My life just doesn't feel complete, constantly even when im happy theres an ache there that wont go away and Im just so emotionally drained with it!
 
I don't blame you for needing a rant!! Totally understandable that with a miscarriage, news of twins and your friend's pregnancy things are getting to you. Don't have any wise words of wisdom I'm afraid but really hope it's your time soon. Take care xxx
 
:hug: I have no words of wisdom other than it's perfectly ok to feel the way you do, it's not fair but it's ok. :(
I hope your week gets better. Xx
 
Rant away, it is totally unfair how things have gone for you. MC is awful but its doubly awful when you are ltttc and having ivf. Sending you a virtual hug and hope you have lots of good things around the corner.
 
Sending lots of hugs and really hoping that things go well for you from now on. X x
 
Sending you love and hugs Gemma x x
 
You rant away hon!

I remember that feeling so well of not being able to get how pregnant I should be every week out of my head. It didn't go away until after my EDD - horrible.

I really hope your FET goes to plan in September. Too many of our journeys are too long and too painful, but you WILL get there.

xxxx
 
Hi there,
It's perfectly fine to rant away after everything that you have been through.

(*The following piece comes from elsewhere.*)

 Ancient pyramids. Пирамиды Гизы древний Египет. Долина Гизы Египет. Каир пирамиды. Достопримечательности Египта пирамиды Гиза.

Fx for the FET in sept are you going to do a natural FET? I found the natural FET so much easier than the full cycle less drugs and stress.
Are you planning on doing something to remember your little one? I know its not the as what you've been through but I planted a peony plant Last summer after our unsuccessful IVF cycle I just wanted to have something to remind us of our little embryo.
Sending you big hugs xx
 
Hi Gemma, just wanted to wish you all the best with your next FET!